Your words were found, and I ate them,
and your words became to me a joy
and the delight of my heart,
for I am called by your name,
O LORD, God of hosts. Jer 15: 15-16*

Read the entire book.... a man whose only apparent friend in life was the living LORD. God called Jeremiah to be His prophet of an incredible  judgement to Judah. Jeremiah tells God that the people won't repent to avoid judgement, they don't take Him seriously and God says, "Yes, I know. Do it anyway." Talk about a tough assignment!!!
We have a wonderful story to tell..... Jeremiah, well, nothing he said was going to make the people happy with him. Think about that next time you get the opportunity to be a witness.


----------



## Ronnie T (Jun 28, 2011)

gtparts said:


> *we must seek to live according to that understanding.
> *
> 
> *O LORD, you know;
> ...



Amen GT.

One of the great sorrows of being a minister of the Gospel is the incredibly large number of people who day in and day out ignore Christ's Word.

One of the great blessings of being a minister of the Gospel is the sharing of the Gospel anyway.  One cannot ever stop sharing the sweetness of God's love.  No matter who ignores it or seeks to destroy it.

For those who receive it, it will magnify their lives.

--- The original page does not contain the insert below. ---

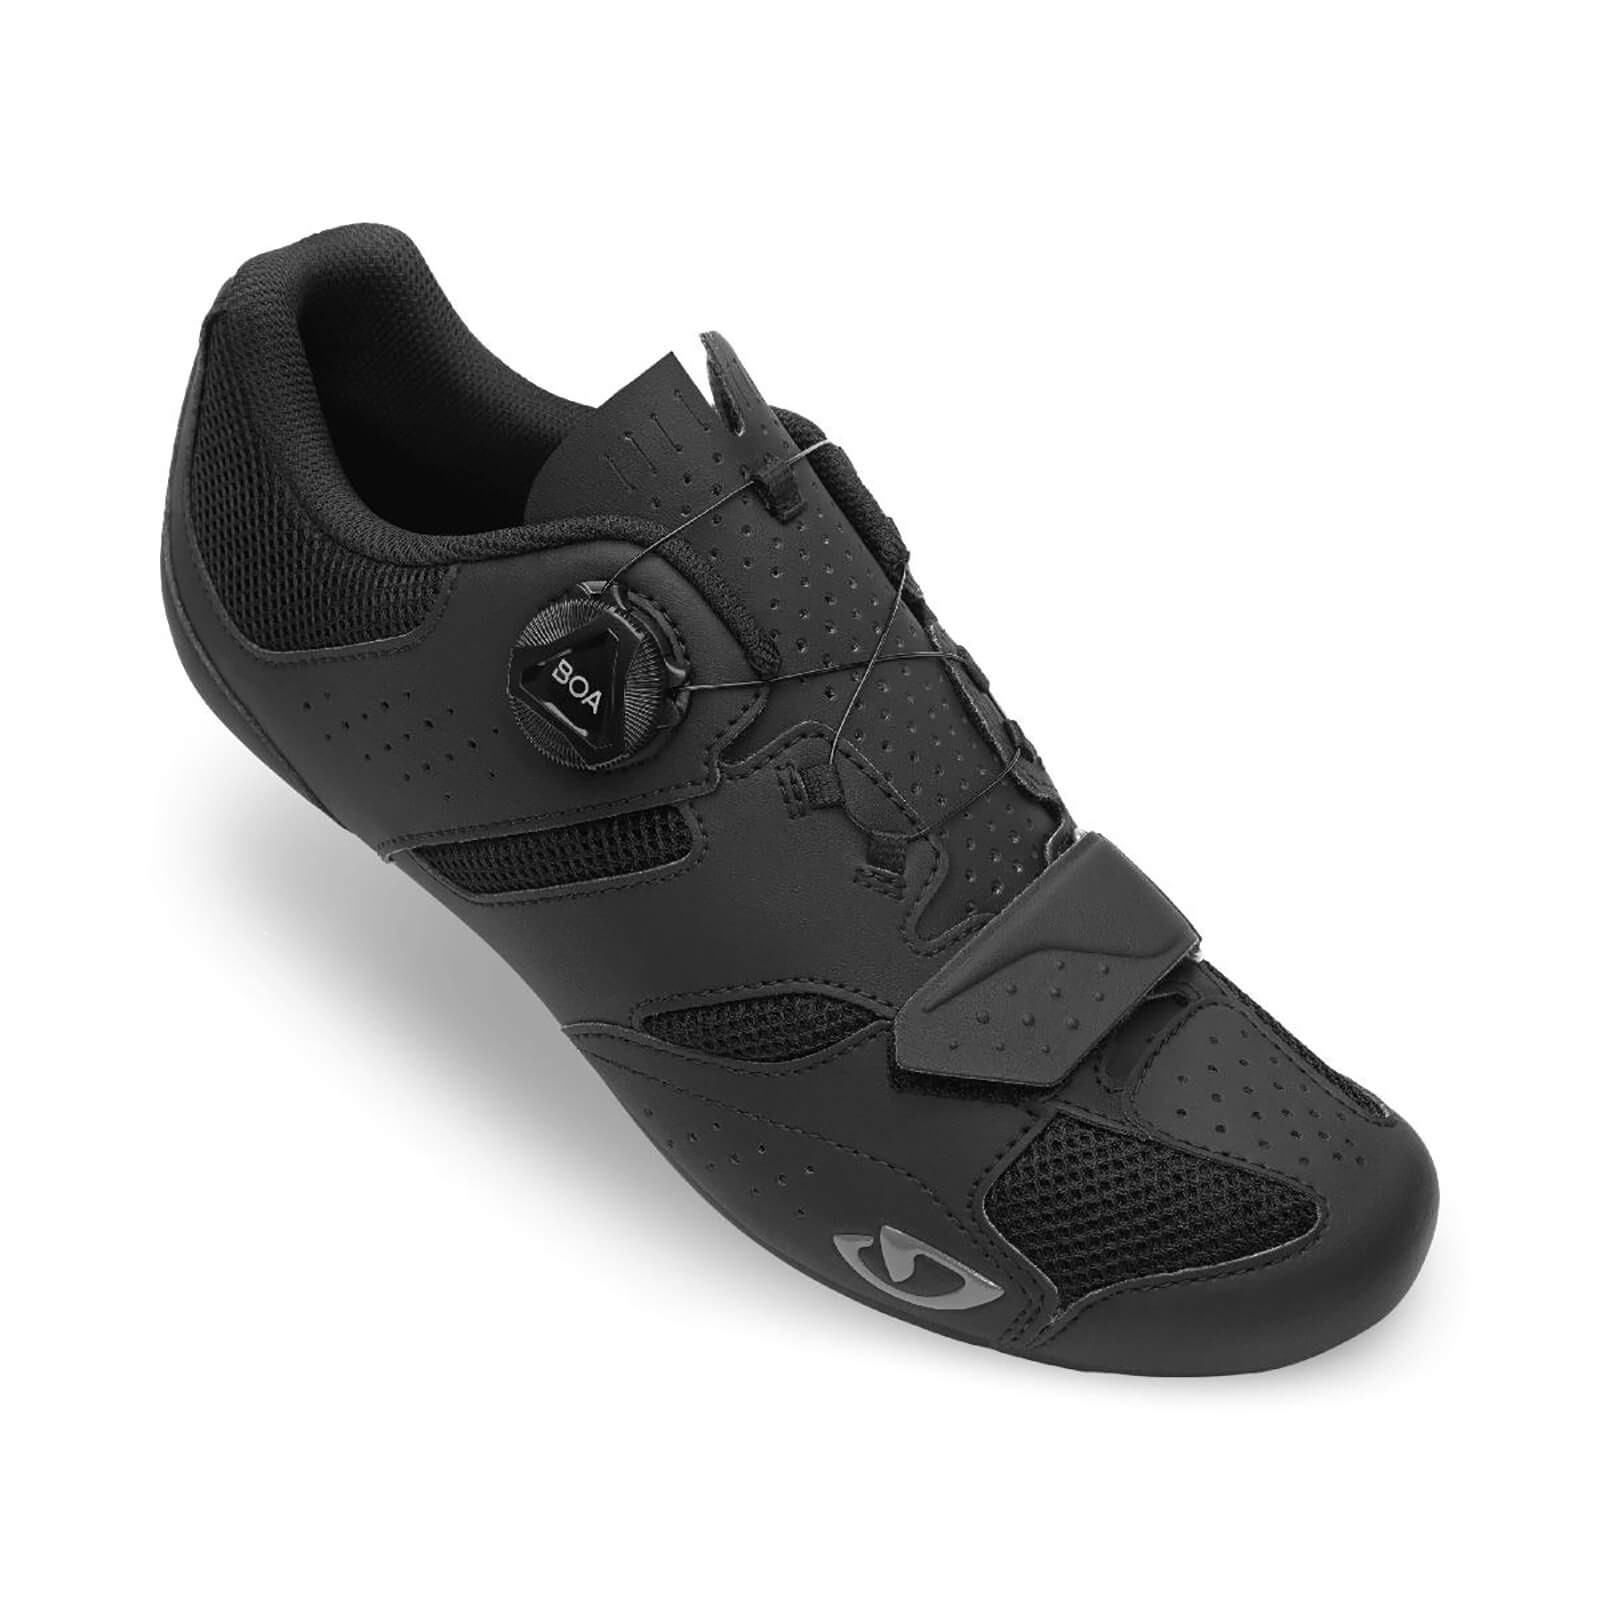 Giro Savix II Road Shoes - EU 46 - Black

Jeremiah found power through kneeling before God.

Thanks for sharing.


----------



## gordon 2 (Jun 29, 2011)

gtparts said:


> *we must seek to live according to that understanding.
> *
> 
> *O LORD, you know;
> ...



Good points... When Christ said, "I bring you life" I think it was ment as you indicate here. We must do. And also living with God is heavenly.


----------